How to read meteorological data with `read_mdf` function#

from __future__ import annotations

import pandas as pd

from cdm_reader_mapper import properties, read_mdf, test_data

---------------------------------------------------------------------------
ModuleNotFoundError                       Traceback (most recent call last)
Cell In[1], line 5
      1 from __future__ import annotations
      2 
      3 import pandas as pd
      4 
----> 5 from cdm_reader_mapper import properties, read_mdf, test_data

ModuleNotFoundError: No module named 'cdm_reader_mapper'

The cdm_reader_mapper.read_mdf function and is a tool designed to read data files compliant with a user specified data model.

It was developed with the initial idea to read the IMMA data format, but it was further enhanced to account for other meteorological data formats.

Lets see an example for a typical file from ICOADSv3.0.. We pick an specific monthly output for a Source/Deck.
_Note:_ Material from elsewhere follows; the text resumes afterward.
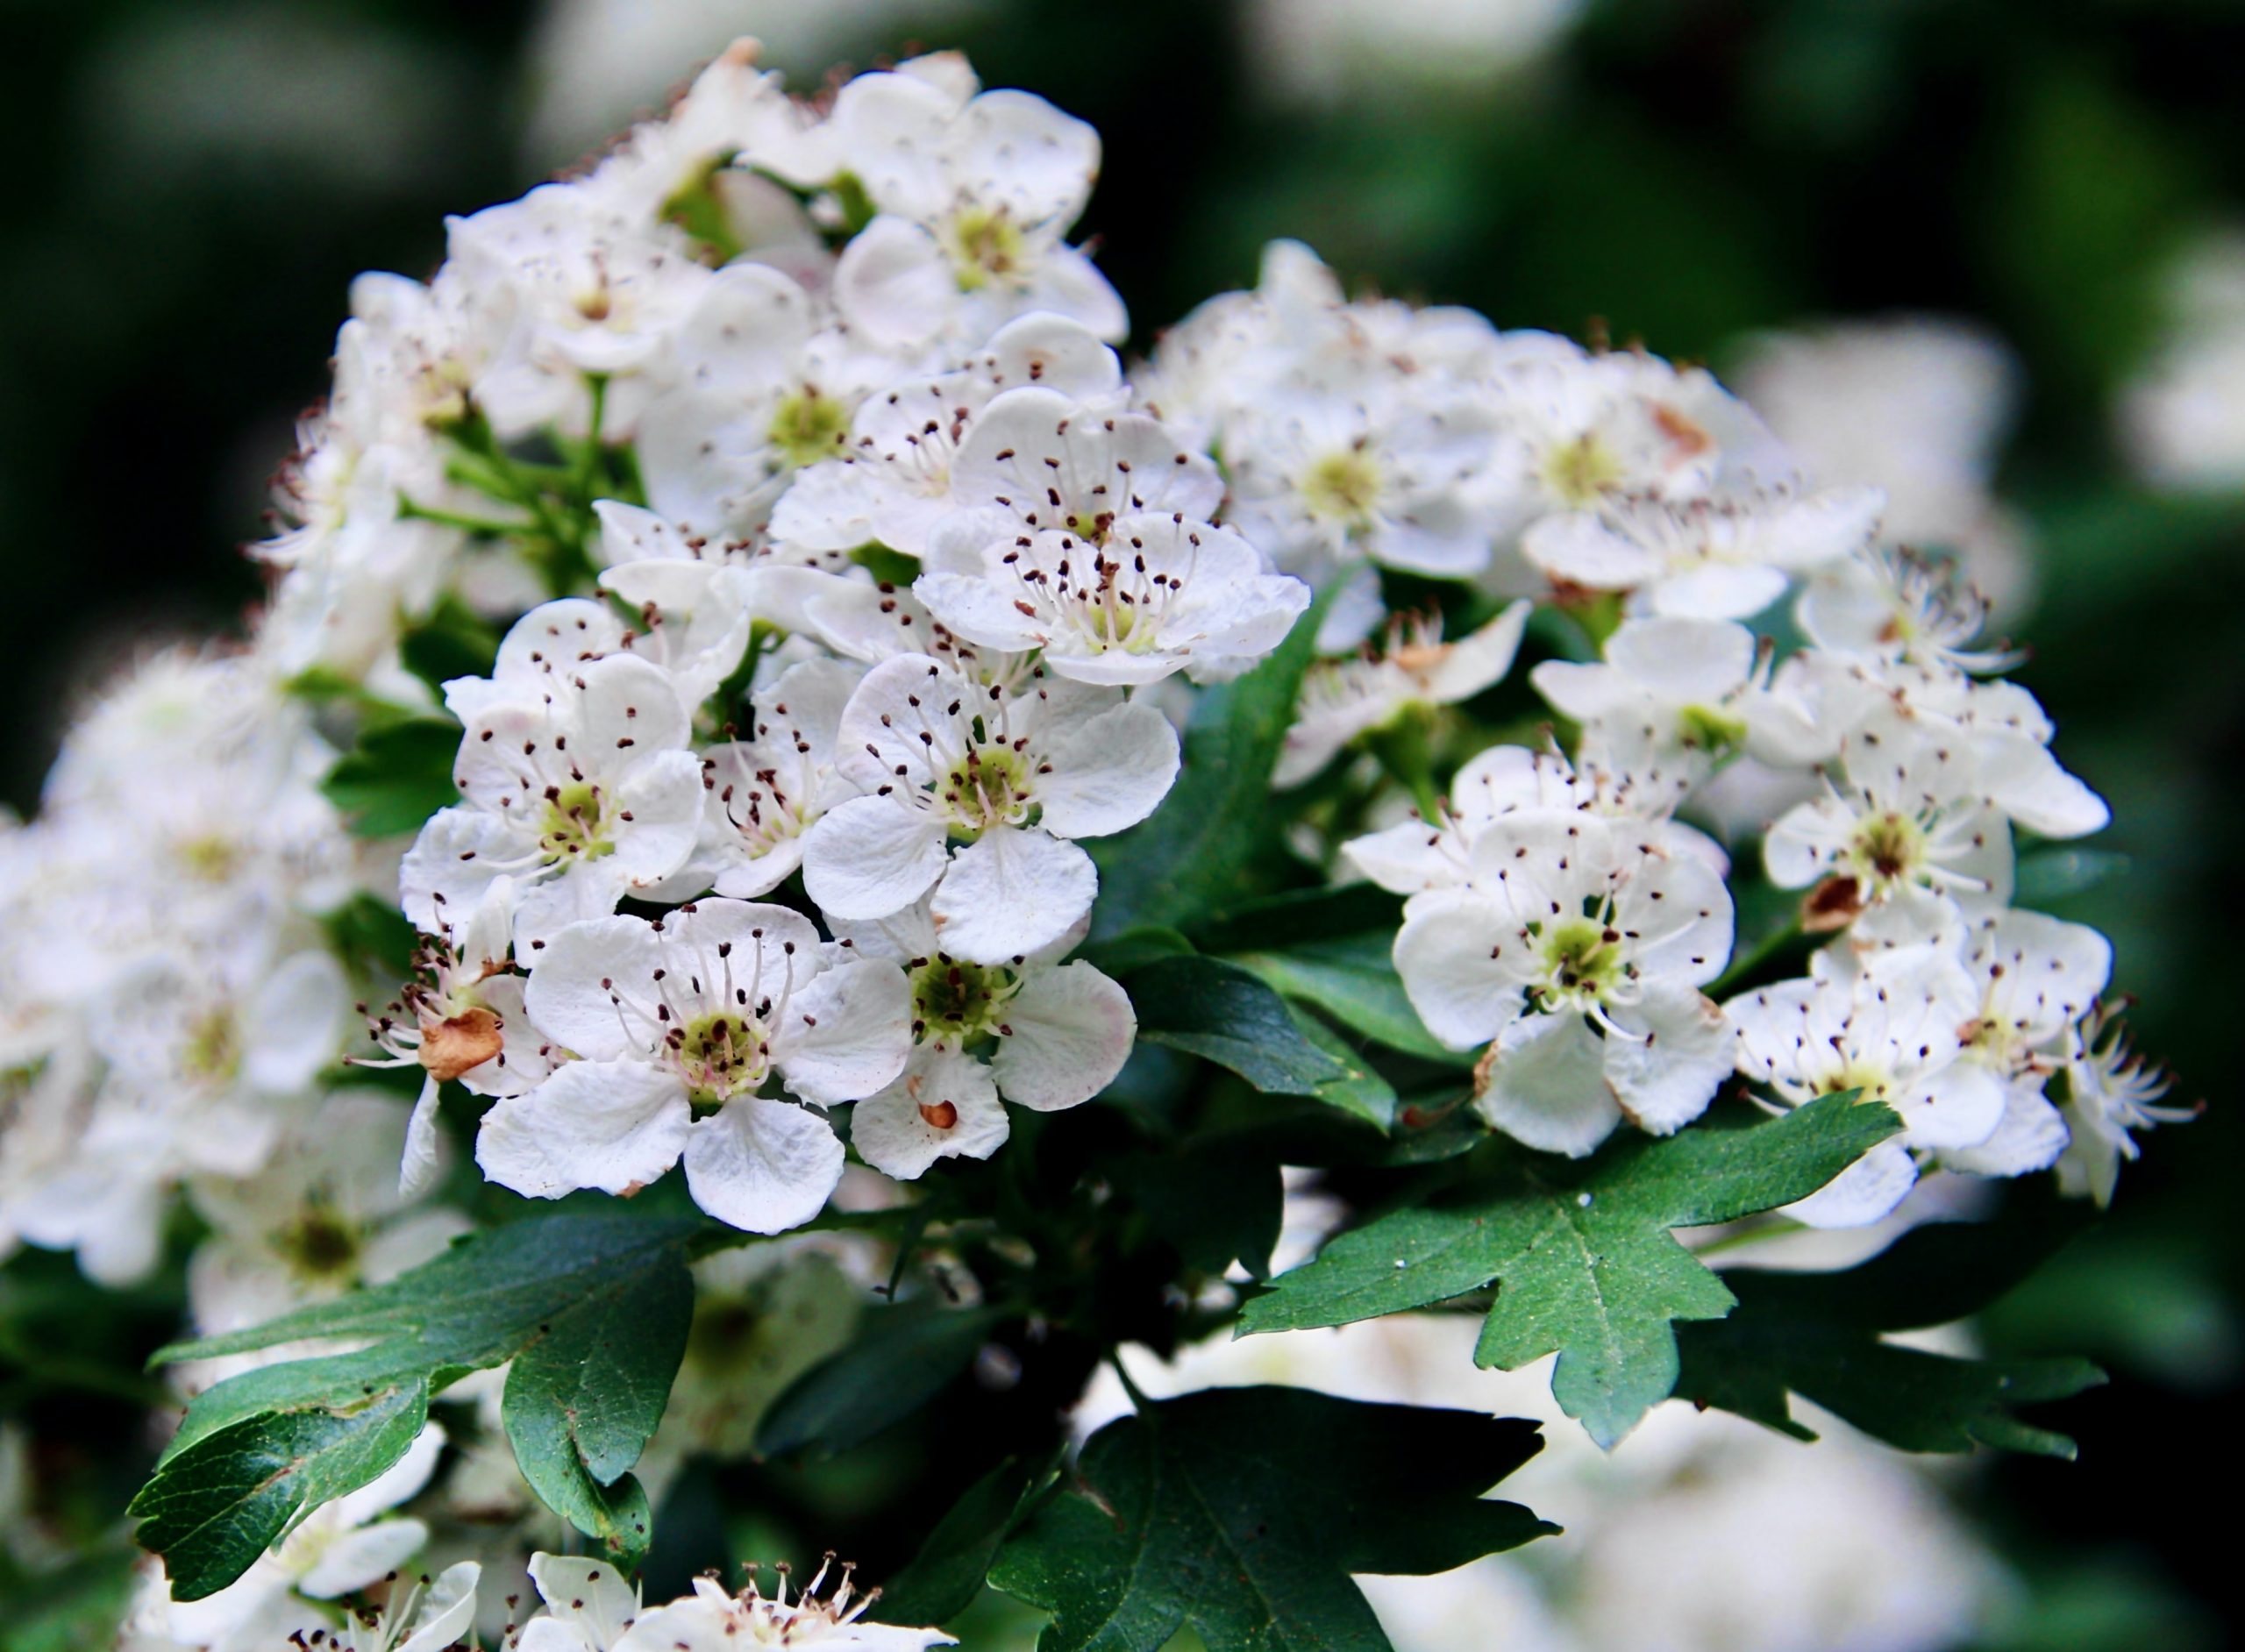  Photo by Timo C. Dinger on Unsplash
photo of hawthorn flowers

In this case data from the Marine Meterological Journals data set SID/DCK: 125-704 for Oct 1878.

The .imma file looks like this:

data_path = test_data.test_icoads_r300_d704["source"]

data_ori = pd.read_table(data_path)
data_ori.head()

2025-08-13 11:12:54,043 - root - INFO - Attempting to fetch remote file: icoads/r300/d704/input/icoads_r300_d704_1878-10-01_subset.imma.md5

	18781020 600 4228 29159 130623 10Panay 12325123 9961 4 165 17128704125 5 0 1 1FF111F11AAA1AAAA1AAA 9815020N163002199 0 100200180003Panay 78011118737S.P.Bray,Jr 013231190214 Bulkhead of cabin 1- .1022200200180014Boston Rio de Janeiro 300200180014001518781020 4220N 6630W 10 E 400200180014001518781020102 85 EXS WSW 0629601 58 BOC CU05R
0	18781020 800 4231 29197 130623 10Panay 1...
1	187810201000 4233 29236 130623 10Panay 1...
2	187810201200 4235 29271 130623 10Panay 1...
3	187810201400 4237 29310 130623 10Panay 1...

Very messy to just read into python!

This is why we need the mdf_reader tool, to helps us put those imma files in a pandas.DataFrame format. For that we need need a schema.

A schema file gathers a collection of descriptors that enable the mdf_reader tool to access the content of a data model/ schema and extract the sections of the raw data file that contains meaningful information. These schema files are the bones of the data model, basically .json files outlining the structure of the incoming raw data.

The mdf_reader takes this information and translate the characteristics of the data to a python pandas dataframe.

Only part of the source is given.